Glutamate is the chief excitatory neurotransmitter in the brain. Ischemia (low blood flows) and low glucose concentrations can stimulate glutamate production. Ischemia is found in several neurodegenerative diseases does. Increased glutamate levels are associated with increased oxidative stress.

The controversy in the central sensitization theory in FMS comes from inability of brain imaging studies, in contrast to other pain diseases, to identify a lesion or wound in the CNS. The one other pain disease in which a CNS lesion is not found, trigeminal neuralgia, involves, interestingly, circulatory problems.

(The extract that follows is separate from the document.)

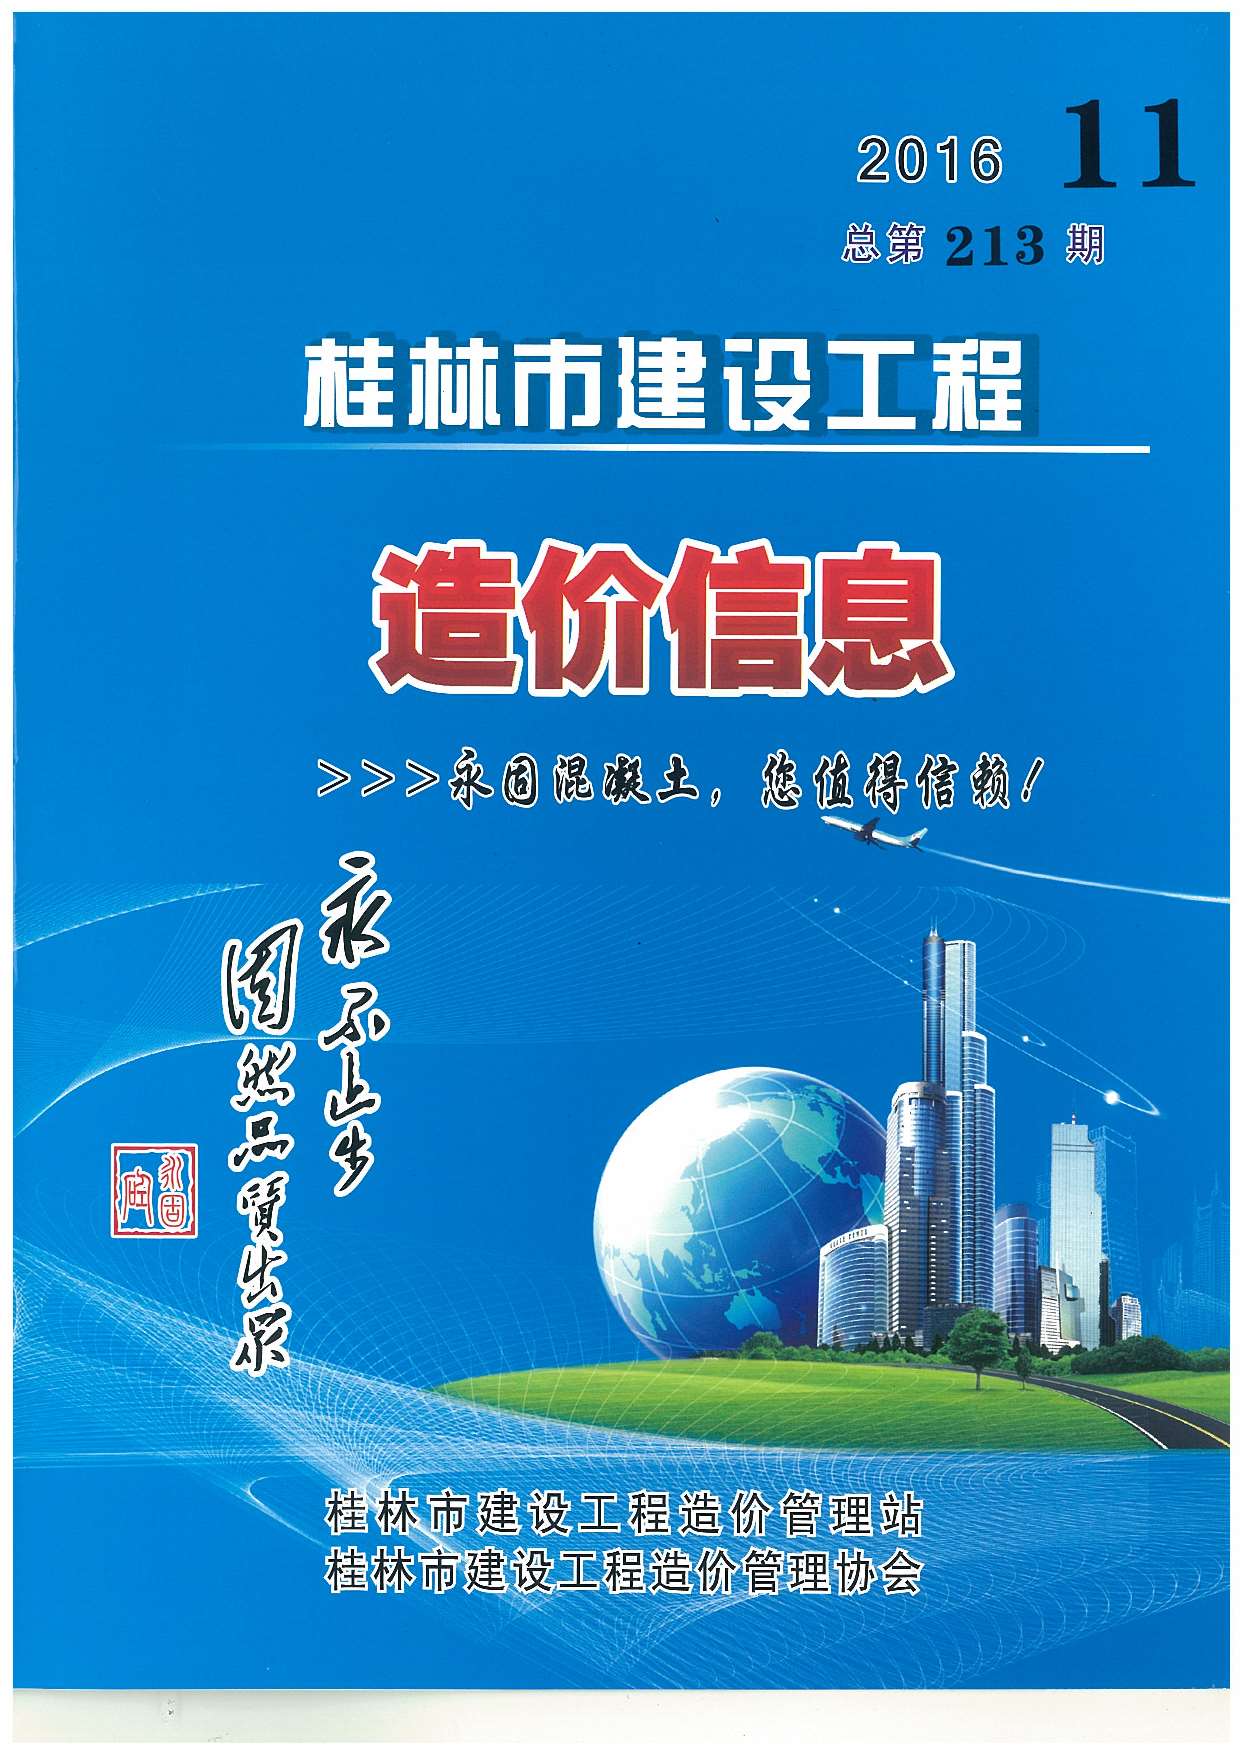 桂林市2016年11月建设工程造价信息造价库信息价

In trigeminal neuralgia, increased pressure from a blood vessel applied to a cranial nerve supplying the face causes spasms of severe facial pain. We will examine the possibility that circulatory problems in the brain or elsewhere play a role in FM later.

A recent study that examined how FMS patients responded to exercise provided evidence that central sensitization is at work in FMS.

Staud, R., Robinson, M. and D. Price. 2005. Isometric exercise has opposite effects on central pain mechanisms in fibromyalgia patients compared to normal controls. Pain 118, 176-184.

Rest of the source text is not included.